Heavy dry goods , First time delivery come from | You know
Address | https://www.zhihu.com/question/375794498
edit | AI youdao
In an end-to-end training network , If the final loss = a*loss1+b*loss2+c*loss3..., about a,b,c The choice of these hyperparameters , Is there any way ?
author :Evan
https://www.zhihu.com/question/375794498/answer/1052779937
In fact, this is an important issue that has been ignored to some extent in the field of deep learning , In recent years, the fire multi-task learning,generative adversarial networks, Many machine learning tasks and methods will encounter , quite a lot paper All the practices are the result of violent mediation and metaphysics …… Here I secretly share with you two very interesting research perspectives
1. Introduce... From the perspective of prediction uncertainty Bayesian frame , According to each loss The current size of the component automatically sets its weight . Representative work. See Alex Kendall Etc. CVPR2018 article :
Multi-Task Learning Using Uncertainty to Weigh Losses for Scene Geometry and Semantics
https://arxiv.org/abs/1705.07115
The second work of the article Yarin Gal yes Zoubin Ghahramani High school , In recent years Bayesian Thought and deep learning have done a lot solid The job of .
2. Build all loss Of Pareto, The corresponding results of multiple hyperparametric combinations are obtained at the ultra-low cost of one training . Representative work. See Intel stay 2018 year NeurIPS( Yes , It's the machine learning that just changed its name ) Published :
Multi-Task Learning as Multi-Objective Optimization
http://papers.nips.cc/paper/7334-multi-task-learning-as-multi-objective-optimization
Because they are old acquaintances with the author of the article , It's not embarrassing here , If you are interested, you can read it carefully , Dry cargo is full. .

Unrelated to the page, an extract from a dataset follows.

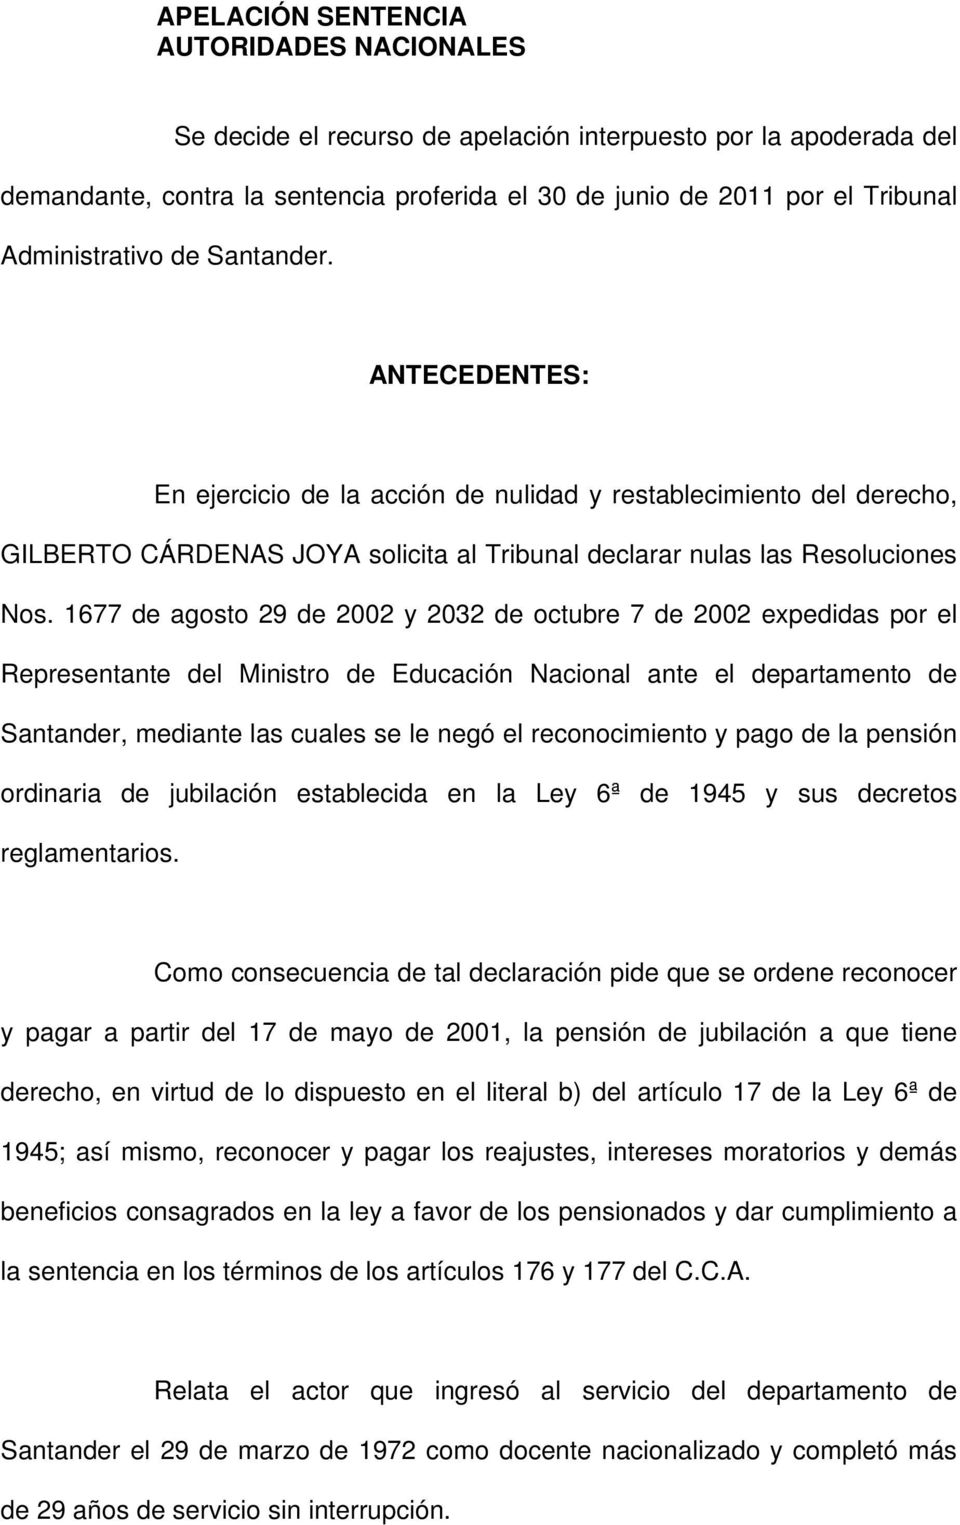 1677 de agosto 29 de 2002 y 2032 de octubre 7 de 2002 expedidas por el Representante del Ministro de Educación Nacional ante el departamento de Santander, mediante las cuales se le negó el

author : Yang Kuiyuan - Deep motion
link :https://www.zhihu.com/question/375794498/answer/1050963528
1. Usually more than one loss There's a balance between , Even a single task , There will be weight decay term . The relatively simple combination can be realized by adjusting the super parameter .
2. For more complex multitasking loss There's a balance between , Here's a direct prediction through the network loss The method of weighting [1]. With two loss For example ,
and
Output from the network , As a whole loss Minimum requirements , So the first two hopes
The bigger the better , To prevent degradation , Finally, the third item hopes
The smaller the better. . When two loss When one of them is bigger , Their corresponding
It will also take a larger value , Make the whole loss To minimize the , That is to deal with dimensional inconsistencies or some loss Large variance problem .

This method was later extended to the field of object detection [2], Used to consider each 2D Possible uncertainties in box labeling .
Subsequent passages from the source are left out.